Bug with /include:StaticData when constraints change

sab39sab39 Posts: 10
edited October 23, 2014 12:08PM in SQL Compare 11
I'm using the SQL Automation Pack which appears to include the SQL Compare command line tool 11.0.0.184.

My command line is doing a comparison between an SQL source control repository and a database to generate the scripts to bring the database up to date. It looks roughly like:

sqlcompare /sourcecontrol1 /sfx:sfx.xml /mfx:mfx.xml /revision1:head /vu1:(user) /vp1:(password) /server2:(server) /database2:(database) /u2:(dbuser) /p2:(dbpw) /scriptfile:script.sql /force /include:StaticData

The problem occurs when one of the static data tables has changed its constraints between the source control version and the database version. For example, a foreign key has changed its name or had ON DELETE CASCADE added or removed or something.
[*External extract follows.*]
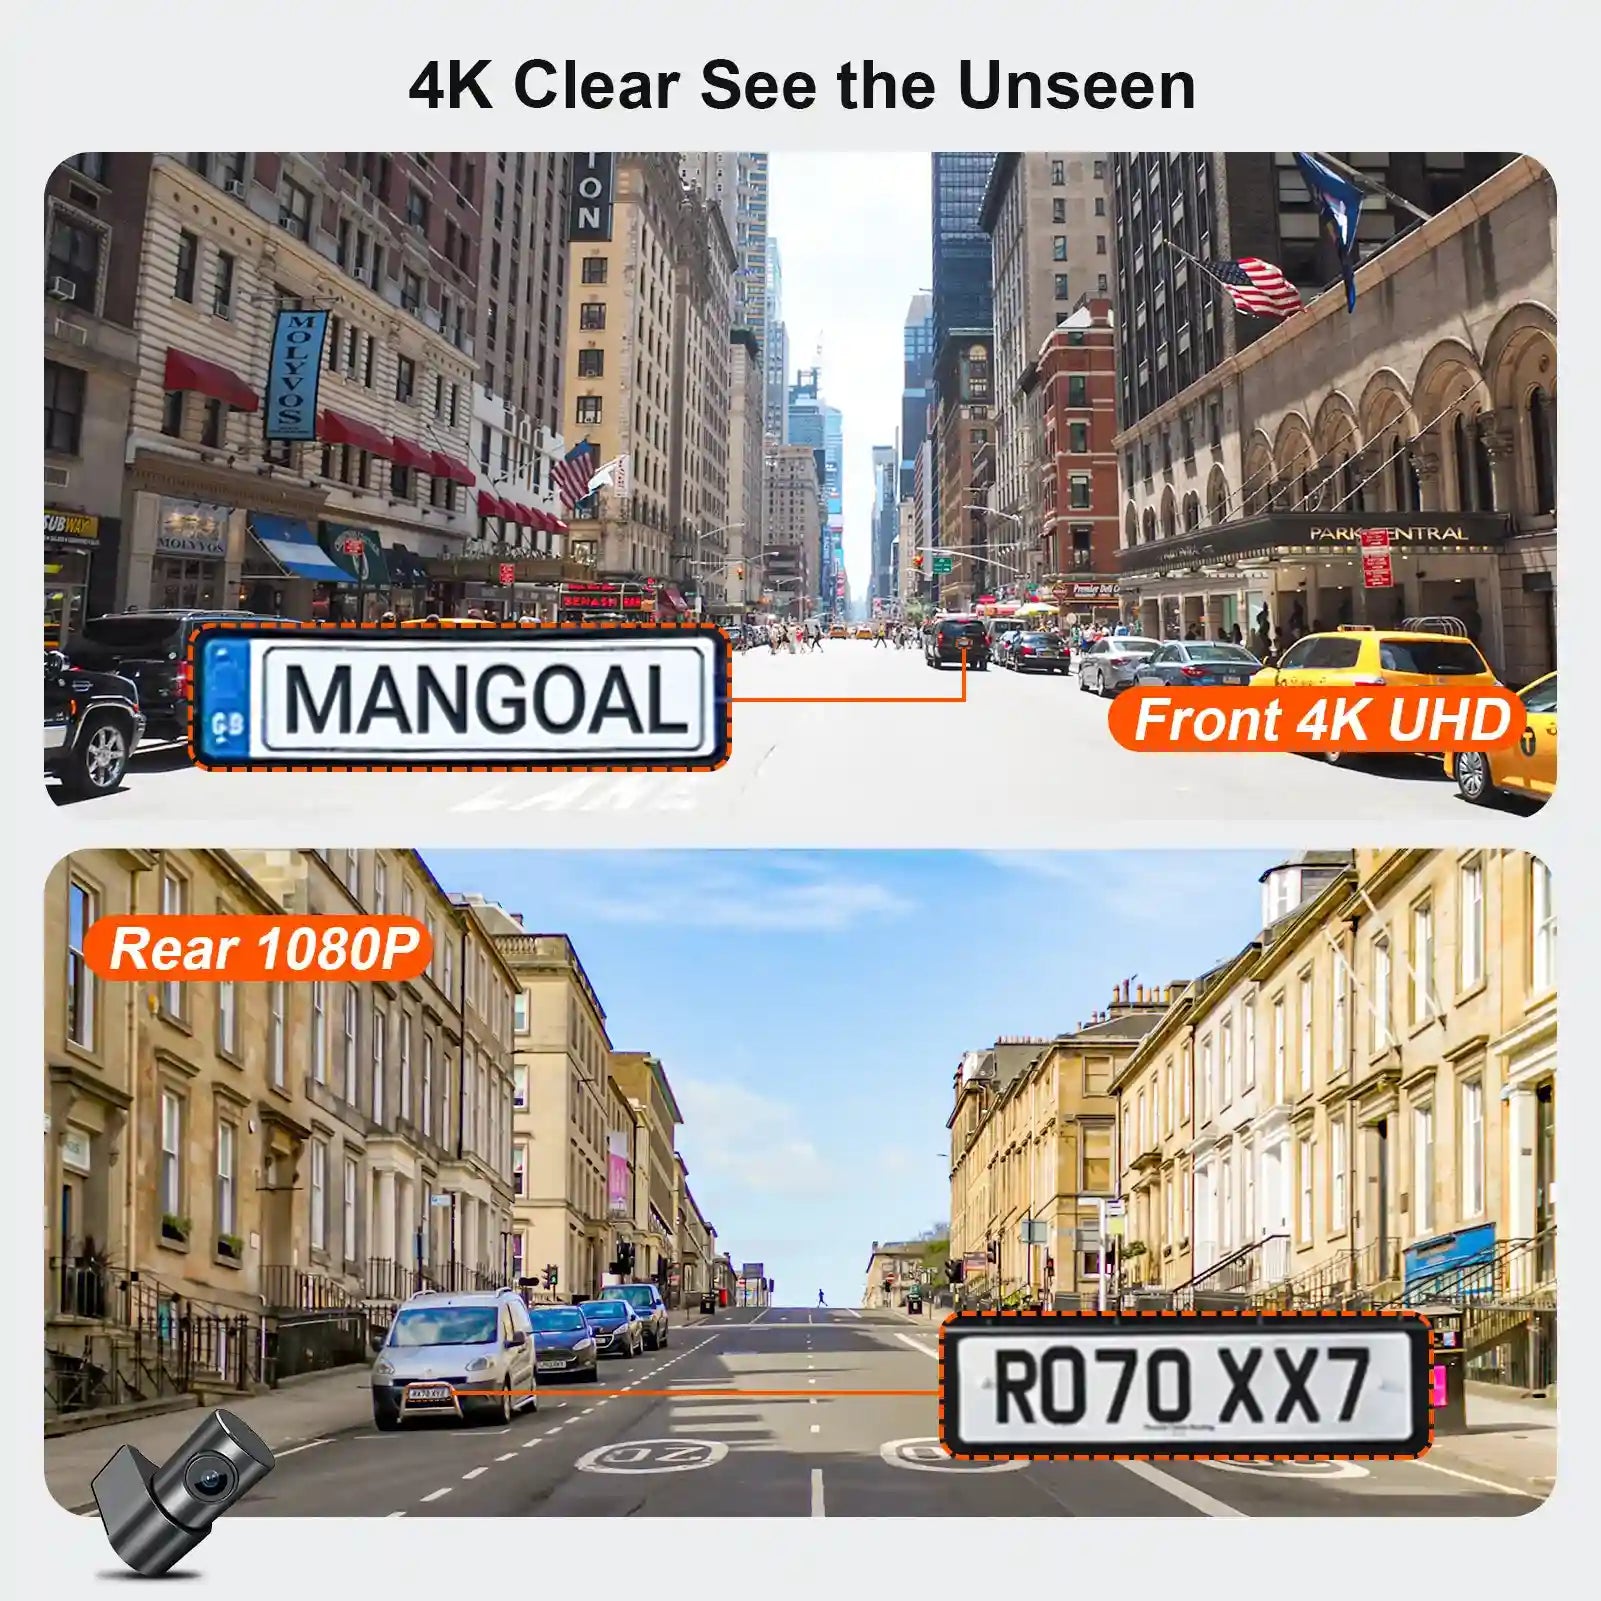 Mangoal Front 4K & Rear 1080P Dash Cam Fit for Jeep 5th Gen Cherokee 2014-2018 KL (Model B), Latitude Altitude Limited,UHD 2160P Video,OEM Look, Built-in WiFi,Easy to Install, Free App and 128GB Card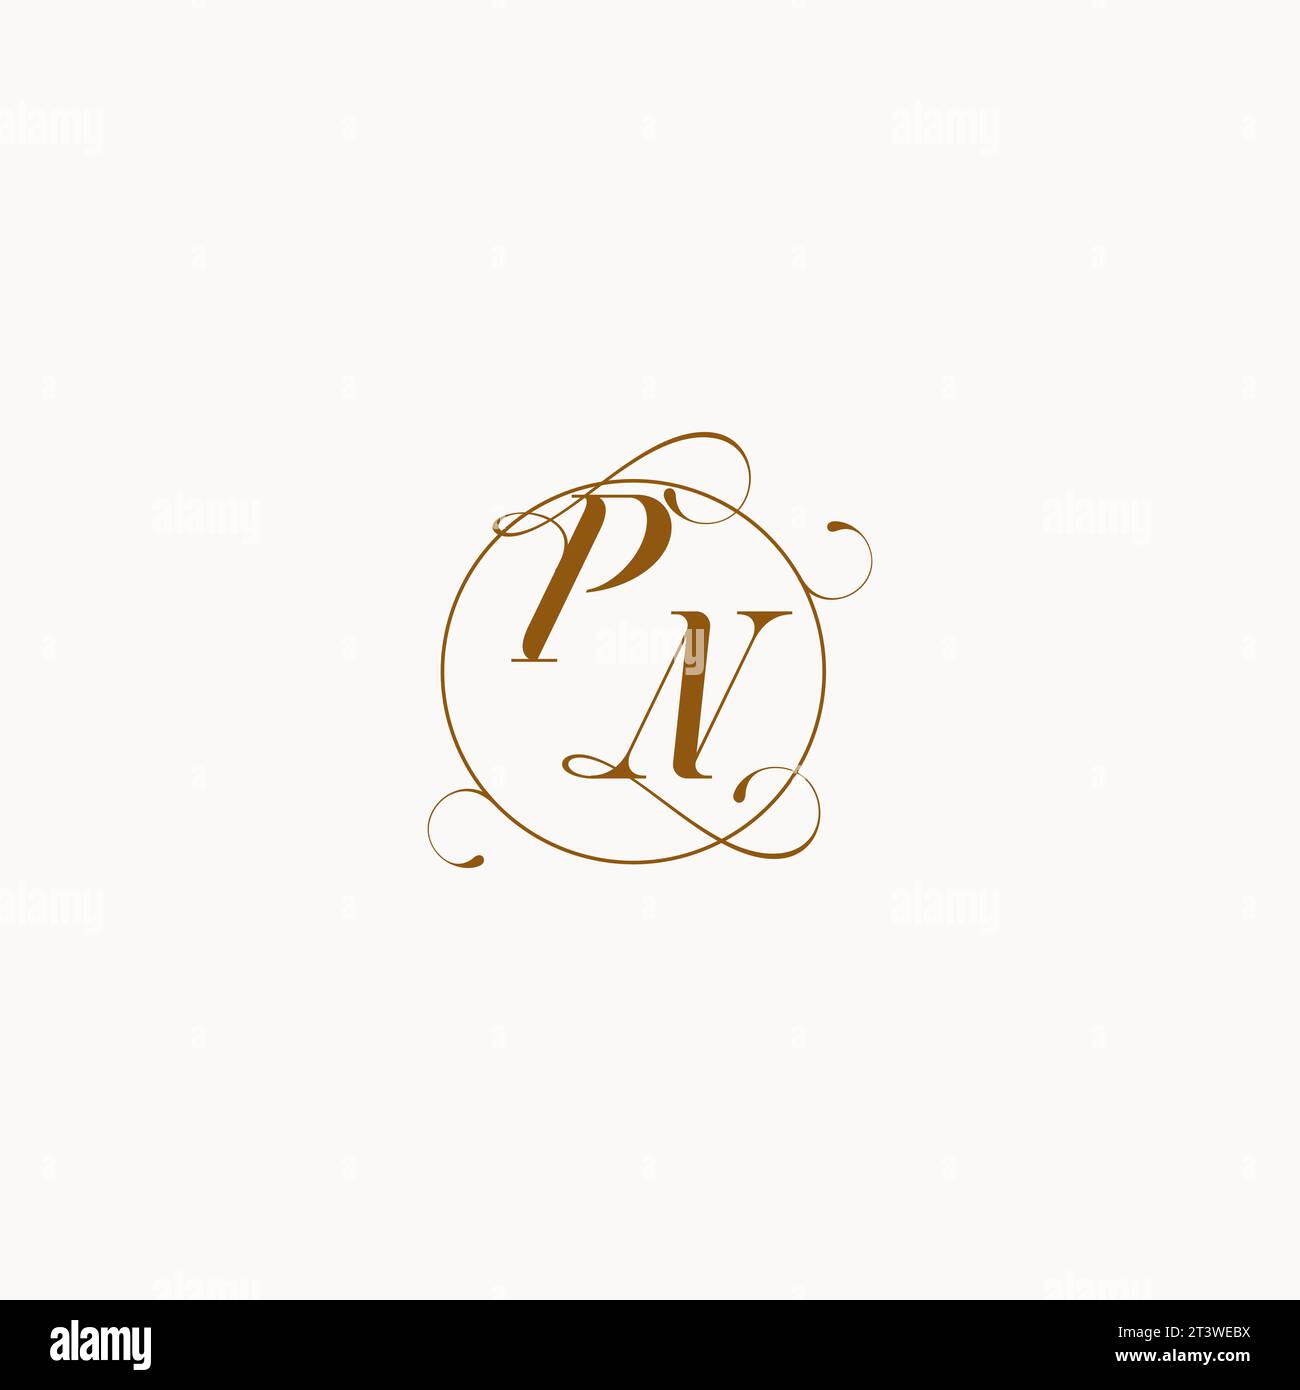 PN uniquely wedding logo symbol of your marriage and you can use it on your wedding stationary Stock Vector

The resulting SQL script appears to do the following sequence of steps:
- Update the schema - which includes dropping the old constraints and add the new constraints
- Try to drop the OLD constraints
- Insert the static data
- Try to re-add the OLD constraints

This can fail in two different ways - if the name of the constraint has changed then the DROP statement fails because it no longer exists (the schema update dropped it already). If the name hasn't changed, the failure is more subtle - the constraint gets added and the script succeeds, but it gets added with its old characteristics, not the new ones.

Comments

  • There's no getting away from needing a lot of space in this case. The best I can offer is that you change the system environment variable RGTEMP to point to any directory (even on another drive) where you can be confident of having lots and lots of space.
  • Is that reply intended to another thread? This bug isn't about needing space, at all. It's about the wrong constraints getting operated on in this scenario - the constraints get dropped/added from how the database USED to be before the schema changes, but those constraints either don't exist any more or are different. So the resulting database ends up wrong.

    In the absence of any replies I worked around the problem by digging out the correct constraints in source control and replacing the relevant sections within the generated script by hand to drop/add the correct constraints, but it'd be nice to know that a future version of sqlcompare would render that unnecessary.
  • Yes! Sorry about that- I must be going cross-eyed.

    I'd like try to reproduce the issue here- are you able to share a schema + a change that replicates the problem?